WHAT YOU ARE ASKED TO DO –
Your answer must be only the lines below from the one containing "Helsebladet.dk" through the one containing "De hecho Amplificador", copied exactly, with the pictures left out.

DATASET EXCERPTS –
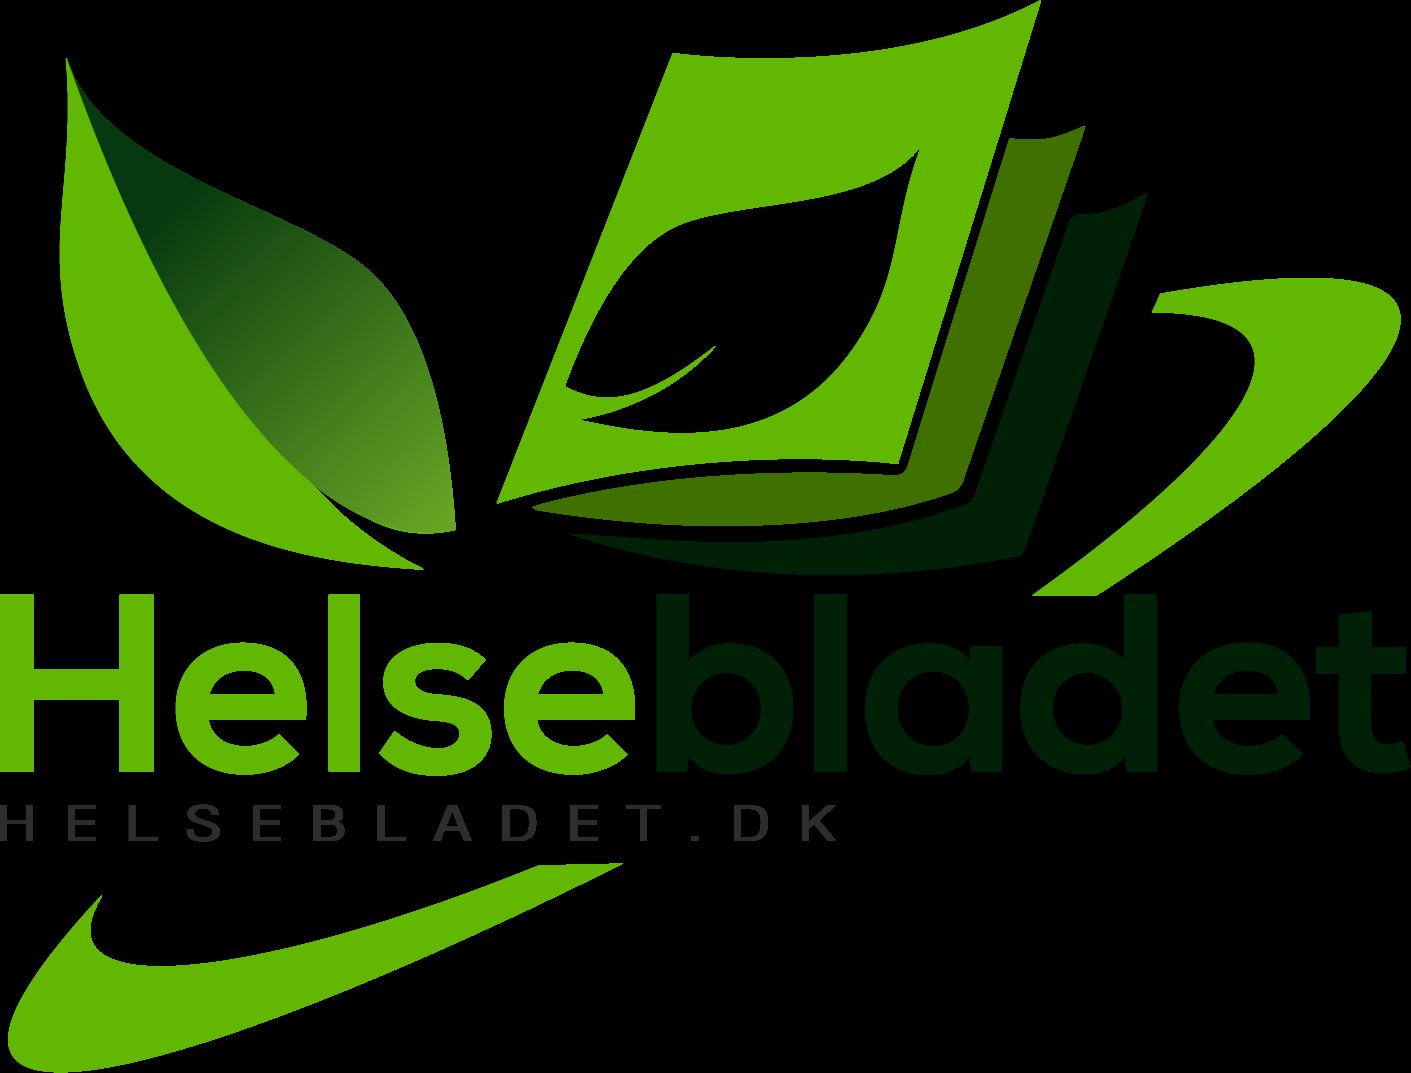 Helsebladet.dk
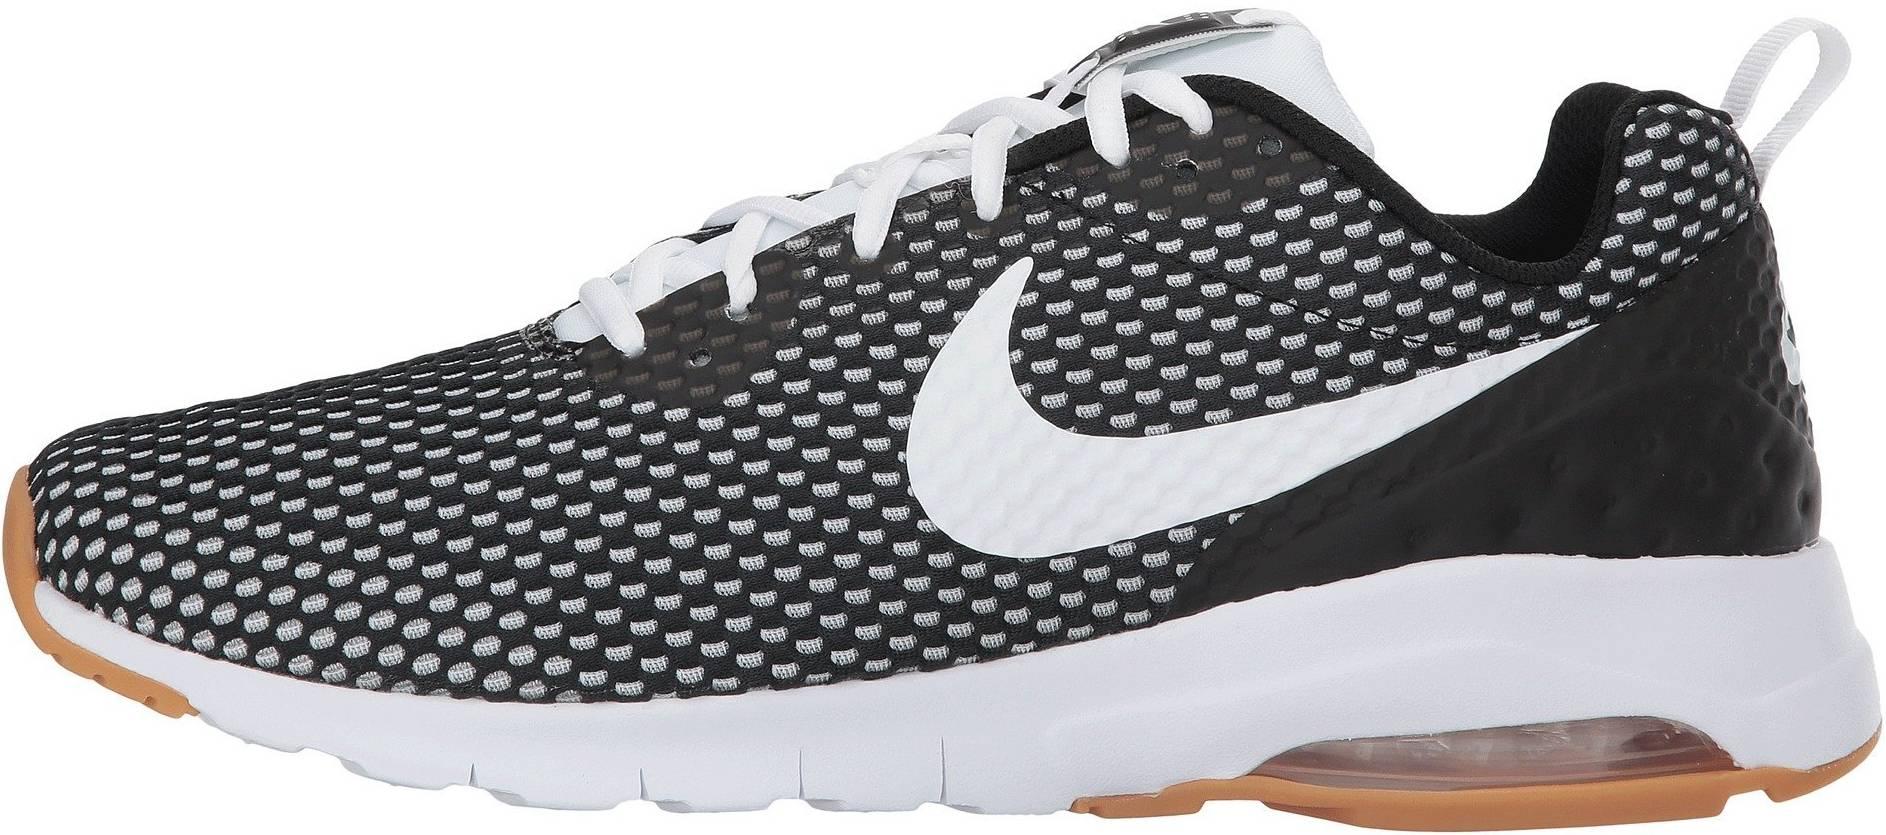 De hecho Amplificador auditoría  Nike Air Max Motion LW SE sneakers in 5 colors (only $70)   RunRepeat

...

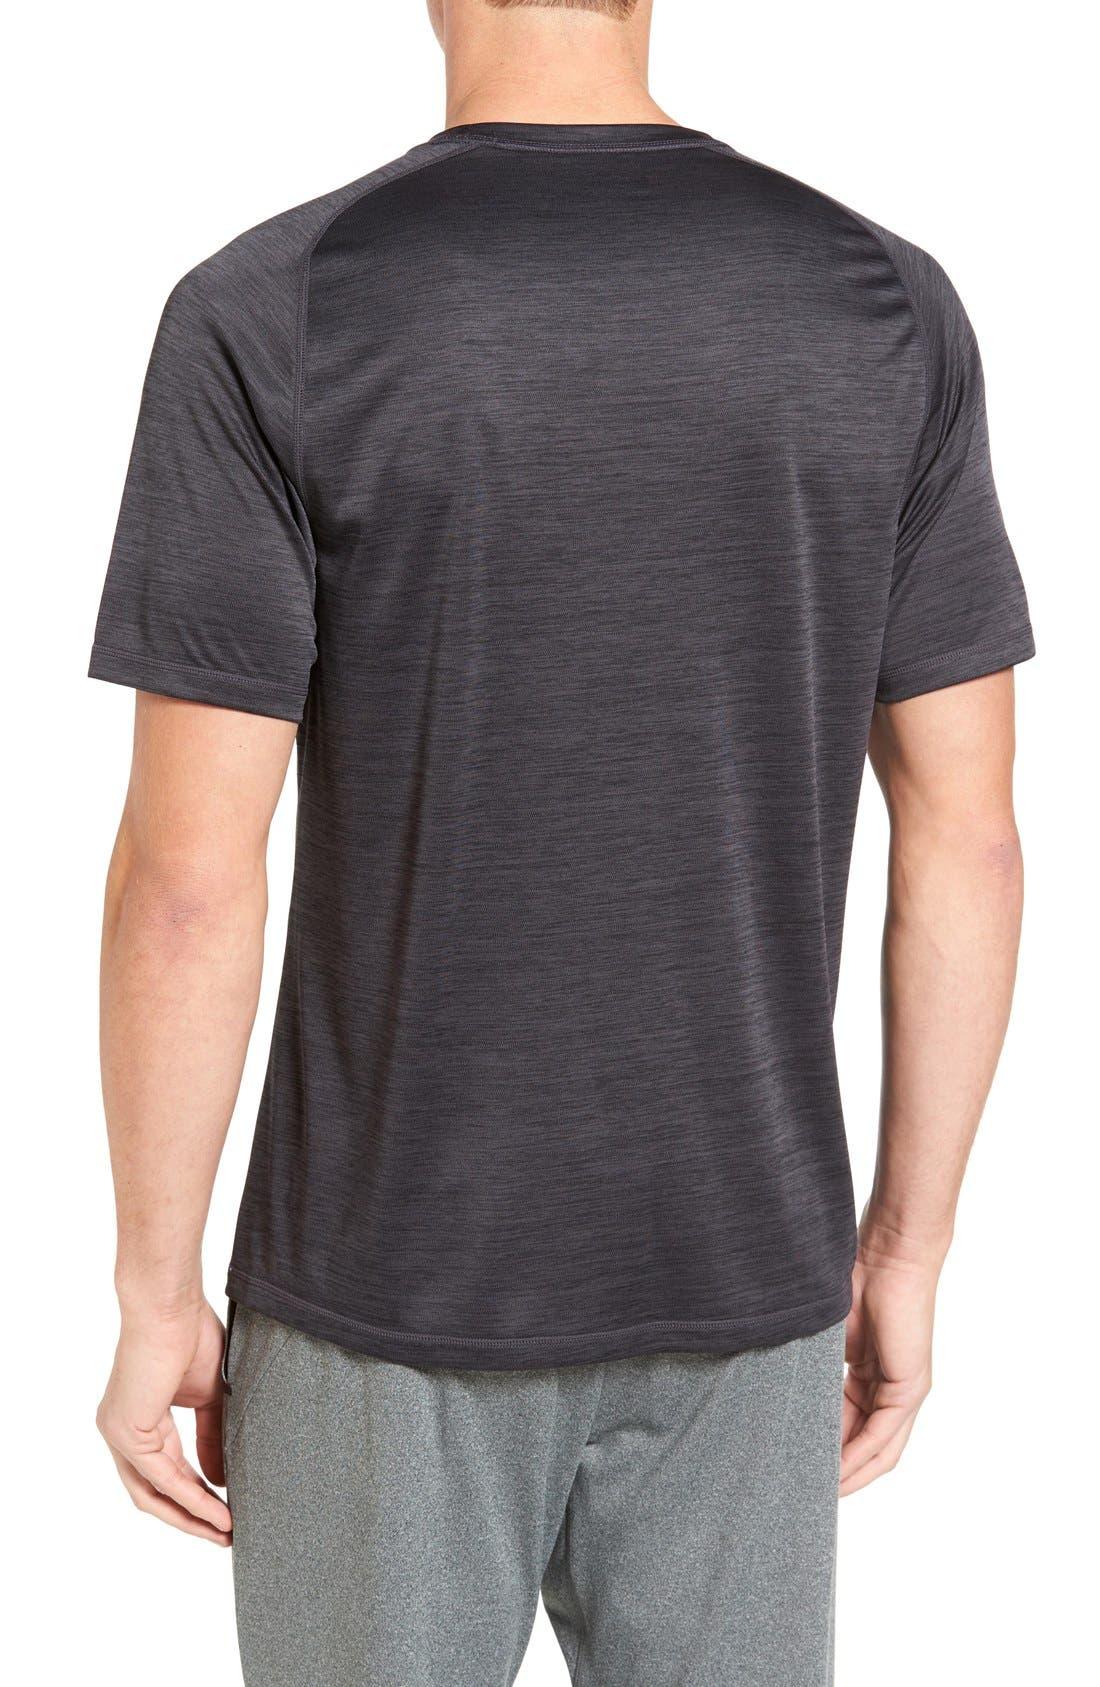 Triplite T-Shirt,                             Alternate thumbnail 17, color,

RESPONSE TO THIS TASK –
 Helsebladet.dk
 De hecho Amplificador auditoría  Nike Air Max Motion LW SE sneakers in 5 colors (only $70)   RunRepeat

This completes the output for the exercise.